Internet Small Computer System Interface (iSCSI) is a protocol that allows computers to communicate with storage devices by SCSI requests and responses carried over TCP/IP. Because iSCSI is based on the standard SCSI protocols, it uses some terminology from SCSI. The device on the SCSI bus to which requests get sent (and which answers these requests) is known as the target and the device issuing requests is known as the initiator. In other words, an iSCSI disk is a target and the iSCSI software equivalent of a SCSI controller or SCSI Host Bus Adapter (HBA) is called an initiator. This appendix only covers Linux as an iSCSI initiator: how Linux uses iSCSI disks, but not how Linux hosts iSCSI disks.
Linux has a software iSCSI initiator in the kernel that takes the place and form of a SCSI HBA driver and therefore allows Linux to use iSCSI disks. However, as iSCSI is a fully network-based protocol, iSCSI initiator support needs more than just the ability to send SCSI packets over the network. Before Linux can use an iSCSI target, Linux must find the target on the network and make a connection to it. In some cases, Linux must send authentication information to gain access to the target.
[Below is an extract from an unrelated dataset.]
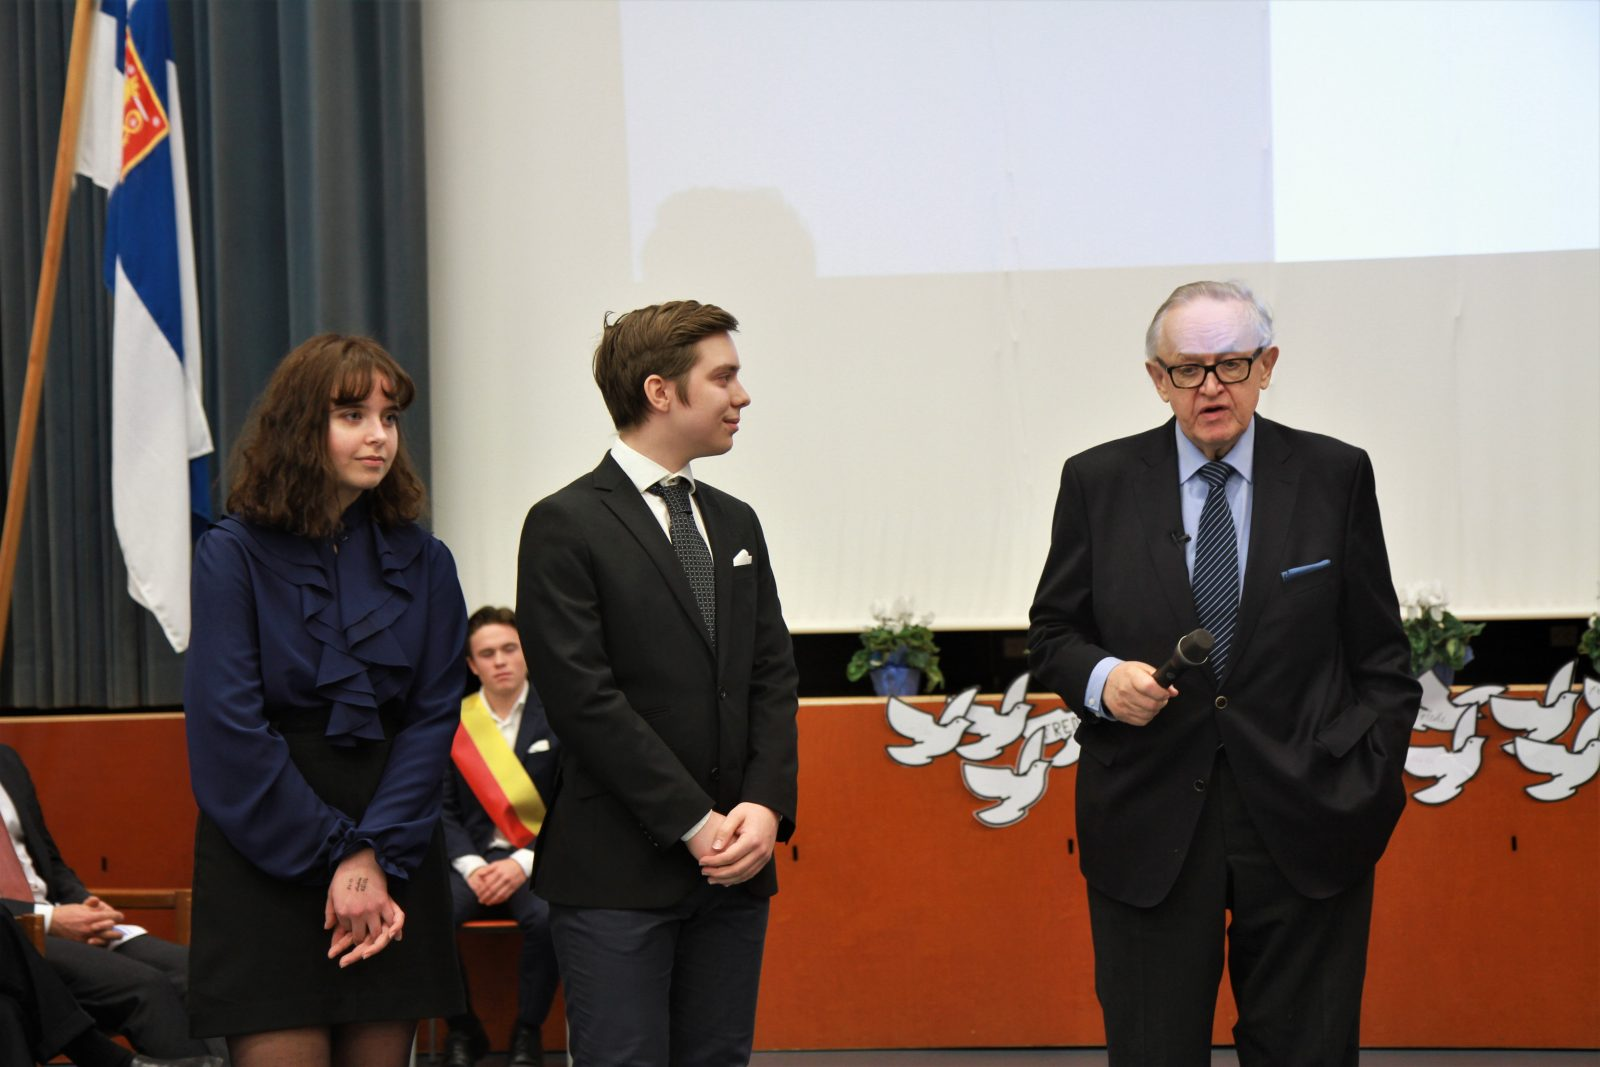 Viime vuonna Ahtisaari-päiviä vietettiin Vaasassa. Presidentti Ahtisaari palkitsi Vasa Övningskolas Gymnasiumin oppilaat Ida Österholmin ja Mikael Morneyn sovinnonkyyhkyillä.

Linux must also detect any failure of the network connection and must establish a new connection, including logging in again if necessary.
The discovery, connection, and logging in is handled in userspace by the iscsiadm utility, and the error handling is also handled in userspace by iscsid.
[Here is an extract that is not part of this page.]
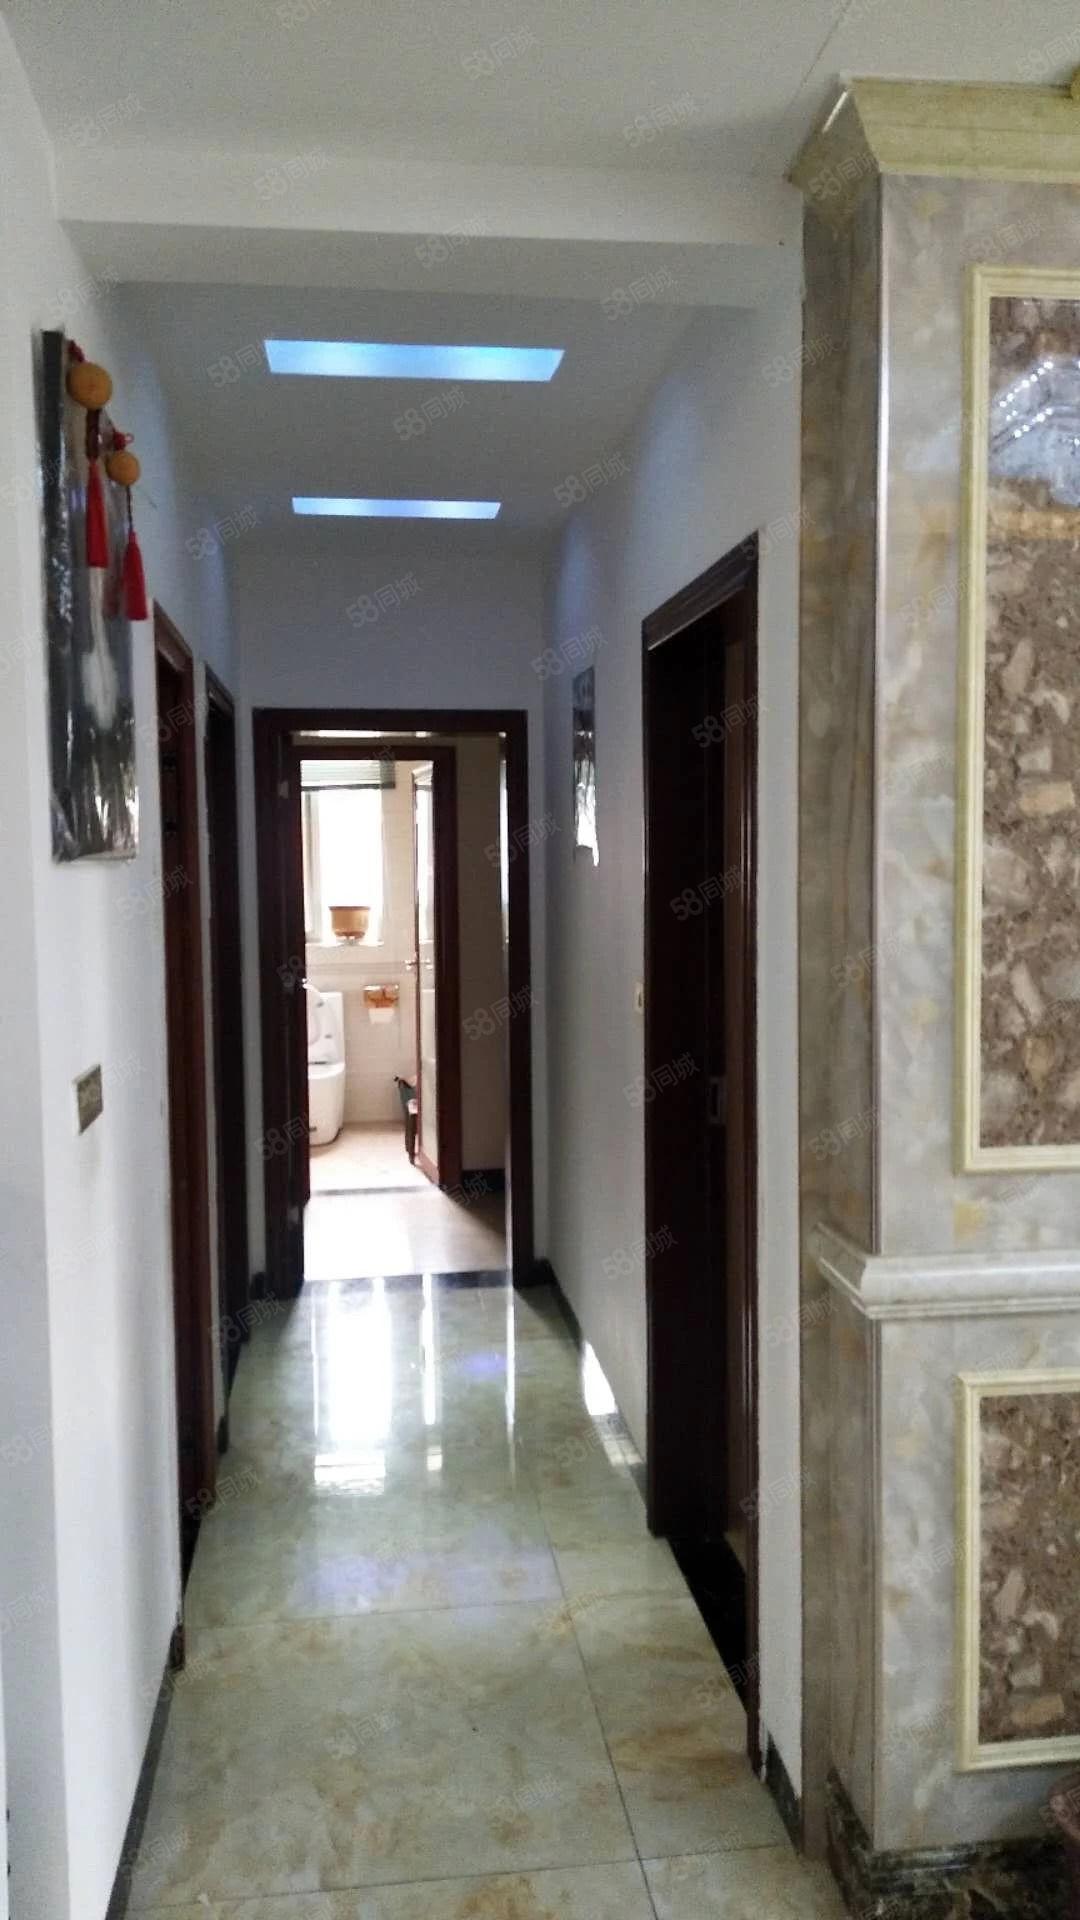 金鳞半岛三室两厅精装修套房带2阳台可按揭关门卖

Both iscsiadm and iscsid are part of the iscsi-initiator-utils package under Red Hat Enterprise Linux.

B.1. iSCSI Disks in anaconda

Anaconda can discover (and then log in to) iSCSI disks in two ways:
  1. When anaconda starts, it checks if the BIOS or add-on boot ROMs of the system support iSCSI Boot Firmware Table (iBFT), a BIOS extension for systems which can boot from iSCSI. If the BIOS supports iBFT, anaconda will read the iSCSI target information for the configured boot disk from the BIOS and log in to this target, making it available as an installation target.
  2. If you select the Specialized Storage Devices option during installation, the storage device selection screen presents you with an Add Advanced Target button. If you click this button, you can add iSCSI target information like the discovery IP address. Anaconda probes the given IP address and logs in to any targets that it finds. See Section 9.6.1.1, “ Advanced Storage Options ” for the details that you can specify for iSCSI targets.
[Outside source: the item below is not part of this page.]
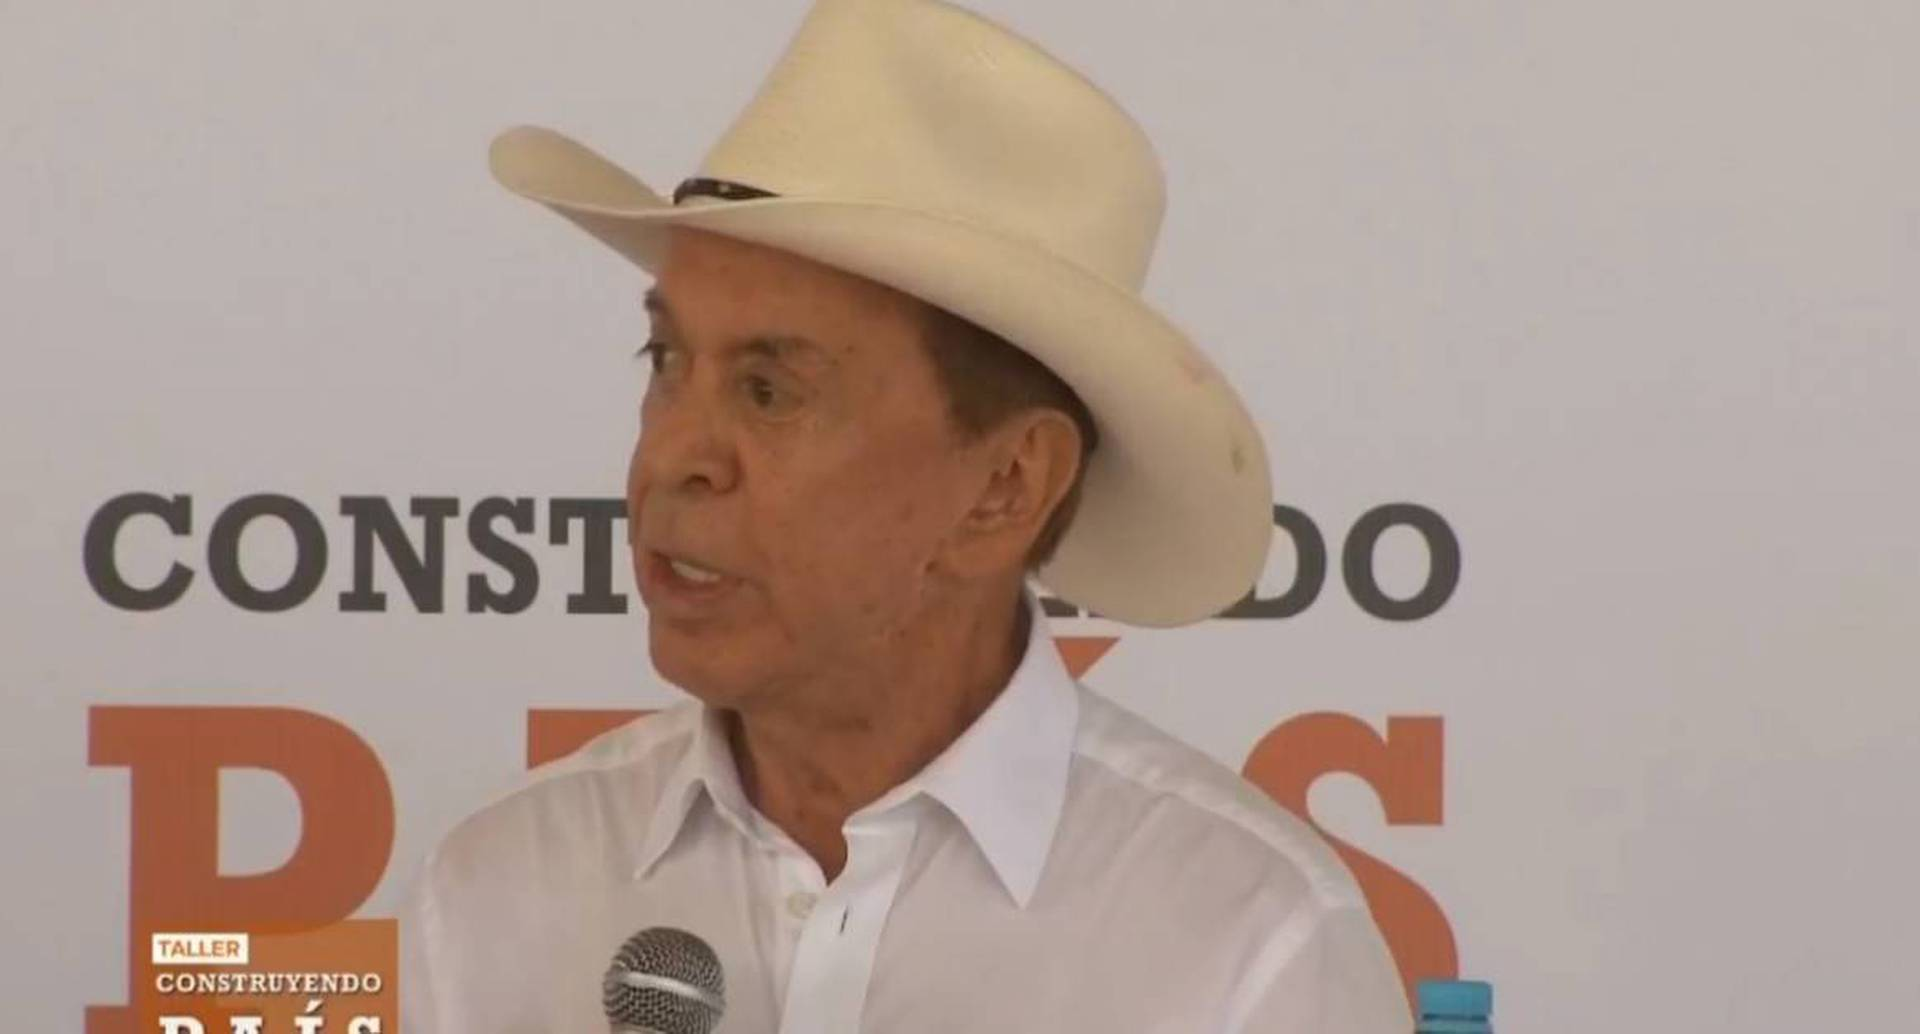 Nebio Echeverry, gobernador de Guaviare, durante su intervención en el taller Construyendo País, en San José del Guaviare. Foto: Presidencia de la República

While anaconda uses iscsiadm to find and log into iSCSI targets, iscsiadm automatically stores any information about these targets in the iscsiadm iSCSI database. Anaconda then copies this database to the installed system and marks any iSCSI targets not used for / so that the system will automatically log in to them when it starts. If / is placed on an iSCSI target, initrd will log into this target and anaconda does not include this target in start up scripts to avoid multiple attempts to log into the same target.
If / is placed on an iSCSI target, anaconda sets NetworkManager to ignore any network interfaces that were active during the installation process. These interfaces will also be configured by initrd when the system starts. If NetworkManager were to reconfigure these interfaces, the system would lose its connection to /.